Multiple Myeloma Diagnosis: The Distinction Between MGUS and Active Disease
Not every paraprotein finding is active myeloma. Monoclonal gammopathy of undetermined significance – known as MGUS – is a state before the disease, where a small paraprotein can be found, but the plasma cell percentage stays low and there is no damage to organs. MGUS moves to active myeloma at a rate of about one per cent a year.
Multiple myeloma diagnosis involves telling the difference between MGUS, smouldering myeloma, and active myeloma which needs treatment. Smouldering myeloma meets higher paraprotein levels and plasma cell percentages, but still has no organ damage. How often surveillance is done and what treatment levels are, are different across these states – so accurate classification is the basis of right management.

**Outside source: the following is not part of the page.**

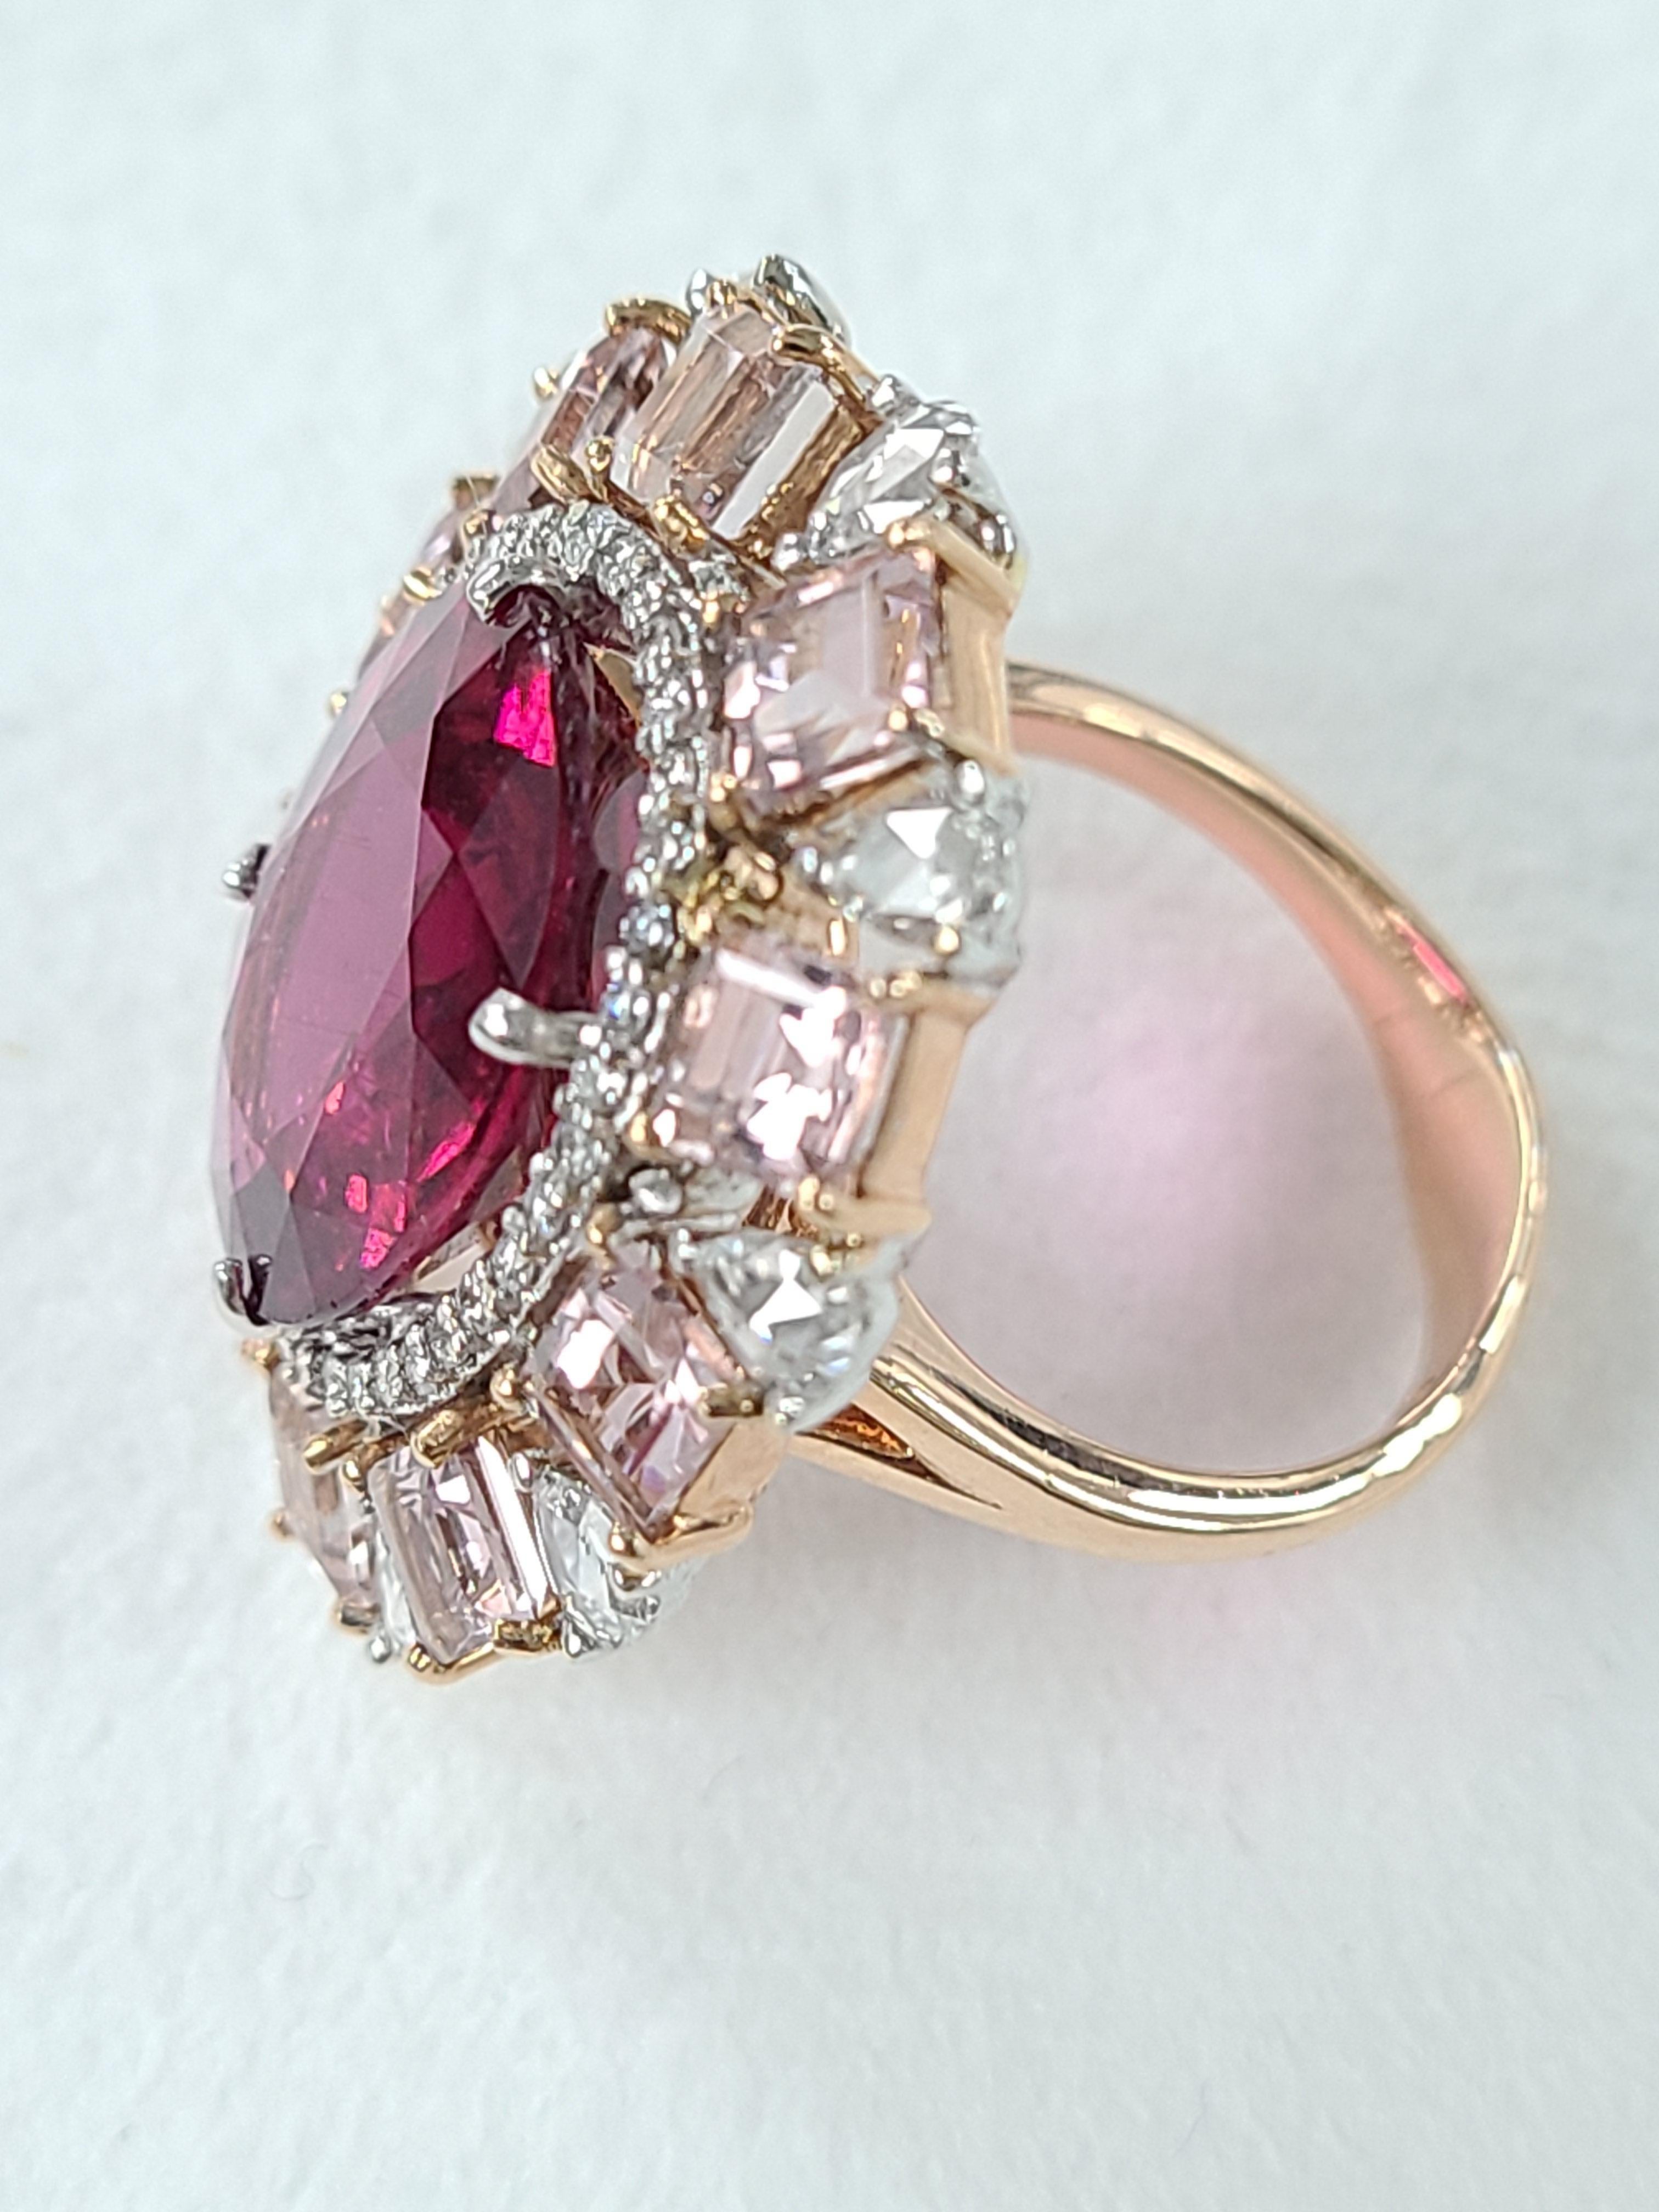 A beautiful rubellite ring surrounded by morganite and diamonds set in 18k rose gold . rubylite weight is 9.29 carats , morganite weight is 3.30 carats and combined diamond weight is 1.17 carats. Ring sixe US 6 1/2 , can be altered on request !

Treatment Advances in Recent Years
Proteasome inhibitors, immunomodulatory agents, and anti-CD38 monoclonal antibodies now form the core of treatment for newly diagnosed and returning disease. Combined treatments using agents from several classes produce deeper and more lasting responses than earlier single-agent or two-agent treatments. Response is measured by the fall in paraprotein and plasma cell percentage in the bone marrow.
Autologous stem cell transplant remains a way of strengthening for patients who are able to have it after first treatment, extending how long the response lasts in people carefully chosen. Whether someone is able to have this is judged by age, organ function, other illnesses, and response to starting treatment – not by using a set age limit.
Living With Myeloma as a Chronic Condition
Myeloma is not usually curable in most patients, but is a controllable long-term condition for a lot of people. Times without treatment are possible, and quality of life during remission can be really good with the right supportive care. Checking during remission involves regular paraprotein testing and clinical review to find early signs of return before symptoms show.
Bone health management – including bisphosphonate treatment to lower fracture risk and bone events – is always part of the long-term care plan. Vaccination and infection checking remain important all the time, given the continuing weakness of the immune system which shows in the warning signs of myeloma, and the condition itself, long after the first treatment is finished.